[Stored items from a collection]
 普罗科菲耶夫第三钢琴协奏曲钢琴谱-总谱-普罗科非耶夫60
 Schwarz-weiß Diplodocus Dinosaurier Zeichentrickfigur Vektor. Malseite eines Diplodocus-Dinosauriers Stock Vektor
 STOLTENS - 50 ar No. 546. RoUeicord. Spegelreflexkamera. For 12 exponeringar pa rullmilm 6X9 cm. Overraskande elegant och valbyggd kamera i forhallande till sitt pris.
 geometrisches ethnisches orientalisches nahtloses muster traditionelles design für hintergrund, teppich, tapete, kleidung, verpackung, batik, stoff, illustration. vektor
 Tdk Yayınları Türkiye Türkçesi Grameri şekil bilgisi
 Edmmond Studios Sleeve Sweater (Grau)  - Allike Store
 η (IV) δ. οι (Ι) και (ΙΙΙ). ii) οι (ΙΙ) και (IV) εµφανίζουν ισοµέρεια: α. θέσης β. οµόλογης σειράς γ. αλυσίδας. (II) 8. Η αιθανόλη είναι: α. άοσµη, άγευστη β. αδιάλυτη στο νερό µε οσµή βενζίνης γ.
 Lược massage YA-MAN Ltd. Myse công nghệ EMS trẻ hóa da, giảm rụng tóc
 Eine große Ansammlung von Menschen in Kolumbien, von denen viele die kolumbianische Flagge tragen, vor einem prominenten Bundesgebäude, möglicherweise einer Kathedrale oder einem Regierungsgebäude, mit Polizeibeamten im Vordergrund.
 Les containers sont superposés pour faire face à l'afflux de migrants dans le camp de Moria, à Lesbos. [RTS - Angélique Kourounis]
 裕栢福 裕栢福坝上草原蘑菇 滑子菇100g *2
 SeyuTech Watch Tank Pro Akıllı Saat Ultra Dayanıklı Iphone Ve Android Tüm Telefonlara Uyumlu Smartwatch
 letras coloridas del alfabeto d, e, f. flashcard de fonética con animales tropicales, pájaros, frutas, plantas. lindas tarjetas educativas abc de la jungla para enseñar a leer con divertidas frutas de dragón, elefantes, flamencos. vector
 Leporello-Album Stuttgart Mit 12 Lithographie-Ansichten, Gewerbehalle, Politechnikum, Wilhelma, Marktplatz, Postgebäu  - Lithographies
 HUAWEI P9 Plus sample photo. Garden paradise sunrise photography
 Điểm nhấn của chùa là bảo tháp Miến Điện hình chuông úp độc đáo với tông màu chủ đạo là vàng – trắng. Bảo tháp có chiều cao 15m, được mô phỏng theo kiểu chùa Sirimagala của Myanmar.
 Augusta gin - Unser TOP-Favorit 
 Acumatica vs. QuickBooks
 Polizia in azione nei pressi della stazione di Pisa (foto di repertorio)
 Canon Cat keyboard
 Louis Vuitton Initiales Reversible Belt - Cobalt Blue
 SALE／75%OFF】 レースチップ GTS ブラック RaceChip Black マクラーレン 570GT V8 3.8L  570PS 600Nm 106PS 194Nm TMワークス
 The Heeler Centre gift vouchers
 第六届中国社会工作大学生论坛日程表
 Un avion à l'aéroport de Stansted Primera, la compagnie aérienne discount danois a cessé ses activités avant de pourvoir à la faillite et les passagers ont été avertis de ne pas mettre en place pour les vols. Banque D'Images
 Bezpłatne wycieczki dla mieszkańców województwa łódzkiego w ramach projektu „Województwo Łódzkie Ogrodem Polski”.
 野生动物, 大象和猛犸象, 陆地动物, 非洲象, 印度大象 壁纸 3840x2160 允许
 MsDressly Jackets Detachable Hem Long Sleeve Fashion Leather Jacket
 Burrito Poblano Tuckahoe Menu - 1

Exercise:
Which lines in the data hold the string "Sleeve"? Copy each of them.

Result of this task:
 Edmmond Studios Sleeve Sweater (Grau)  - Allike Store
 MsDressly Jackets Detachable Hem Long Sleeve Fashion Leather Jacket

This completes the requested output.